Replacement estrogen has proved to be an efficient way to combat the loss of bone mass in women when such treatment is started in the menopausal stage of their lives. John R. Lee, a Harvard graduate who wrote a book on the subject, came to the conclusion that by adding supplementation with natural progesterone to an existing natural osteoporosis treatment program, bone density was increased every year by 3-5% until it stabilized at the bone density levels expected for a 35-year-old woman, this after studies in 100 women between 38 and 83 with an average of 62 years old. The addition of replacement estrogen has been shown to be especially protective against fractures in postmenopausal women for the first two years following initiation of estrogen.

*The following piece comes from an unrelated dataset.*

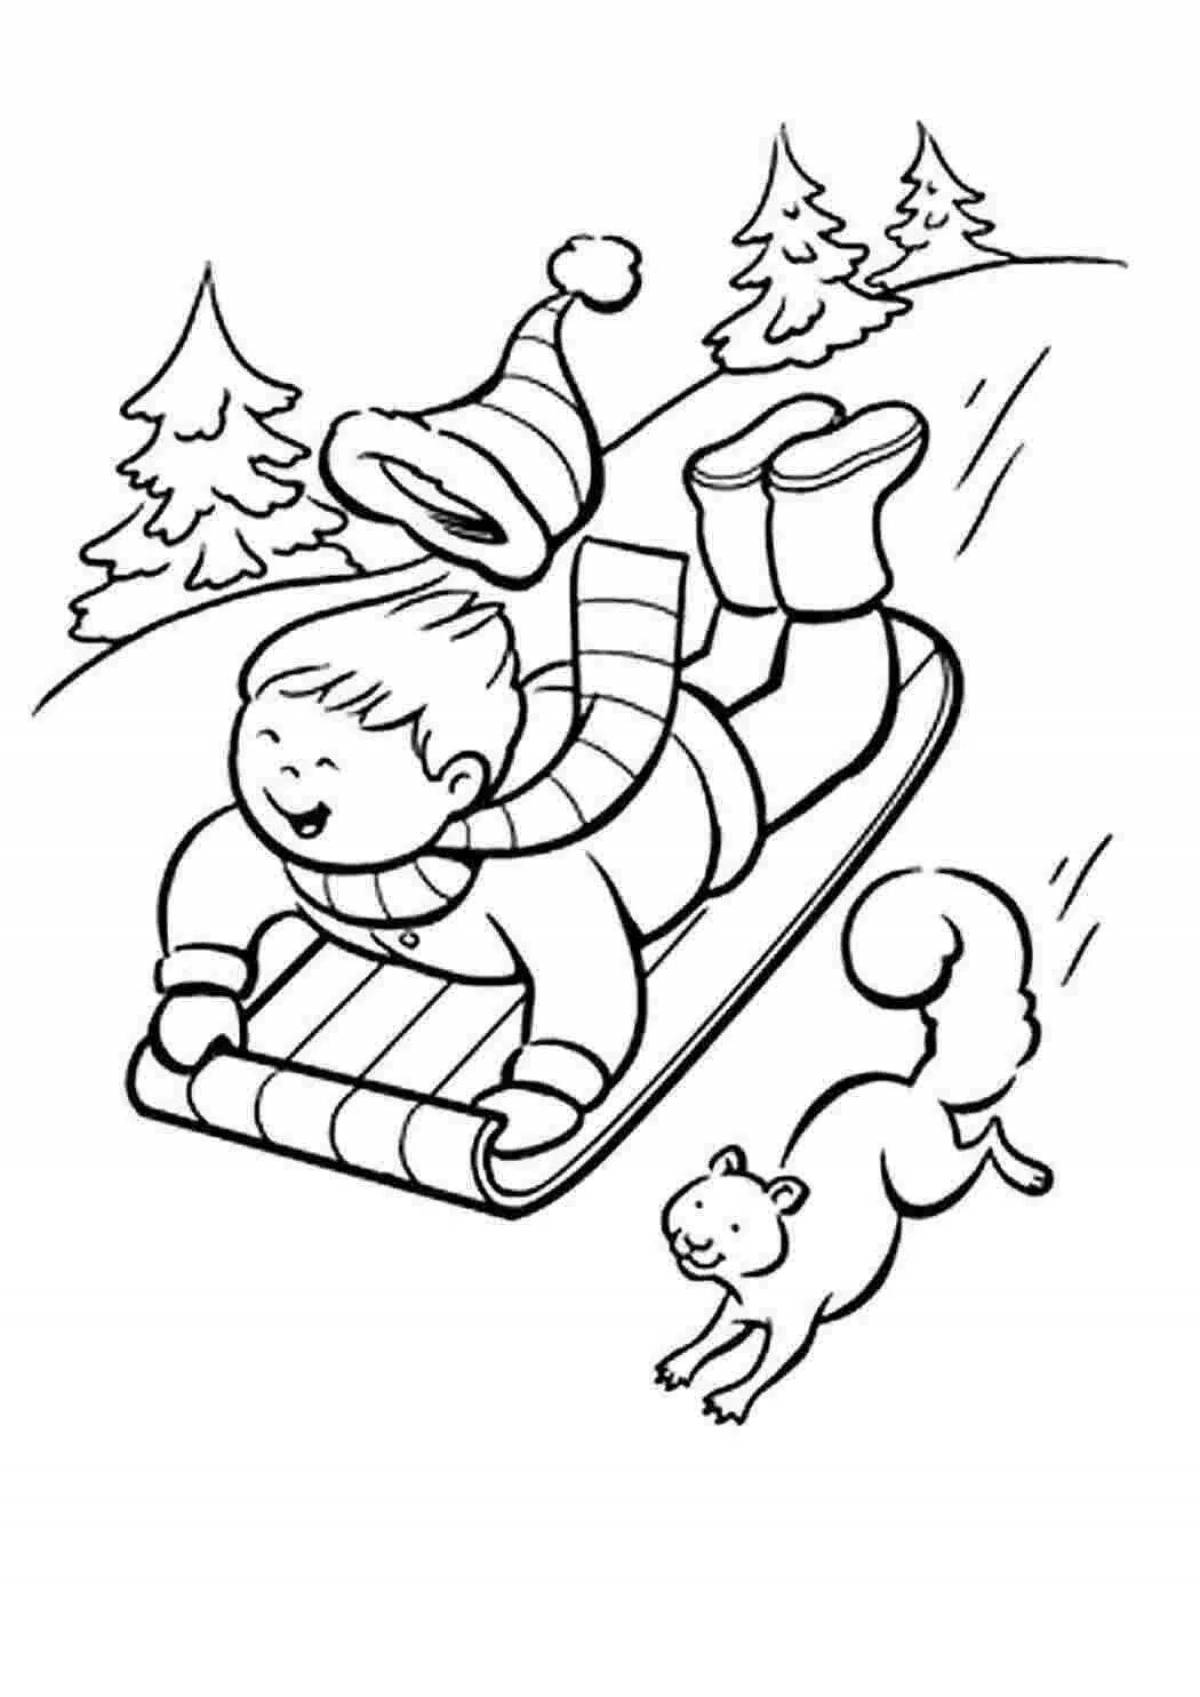 Раскраска возбужденный ребенок катается на санках

Complications: Fracture Risk

Because senile osteoporosis is caused by the loss of bone mass due to aging, the bones are more fragile and thus more prone to fractures and fracture-related complications. These complications can include a more than doubled risk increase for future fractures and a lower quality of life resulting from chronic pain or disability, sometimes needing long-term nursing care. Depending on the site, pathologic fractures can also increase relative mortality risk. Hip fractures alone are particularly debilitating and have a nearly 20% higher mortality rate within one year of the fracture. Other fractures are more subtle and can go undetected for some time. For example, vertebral compression fractures in the spine, often noticeable by a loss of vertical height, can occur even during routine motions like twisting, coughing, and reaching.
In addition to decreased bone mineral density, there are other factors that contribute to fracture risk such as advanced age, lower body mass index, fracture history, smoking, steroid use, high alcohol intake, and fall history. Studies linking alcohol and fracture risk define high intake as three or more drinks per day. High caffeine intake may also play a role in fracture risk. Many healthcare organizations also utilize a Fracture Risk Assessment Tool that can estimate a 10-year probability of having an osteoporotic fracture based on an individual's health information and the criteria listed above.

Fall Prevention

Of the risks listed above, falls contribute most significantly to the incidence of osteoporotic fractures. There are precautions that can be taken at home to reduce the risk of falling. These include anchoring rugs to the floor, minimizing clutter, improving overall lighting and visibility, and installing handrails in stairways and hallways. Regular exercise is another way to further decrease fall risk. Back and posture exercises as well as weight-bearing exercises such as walking can slow bone loss, improve balance, and strengthen muscles.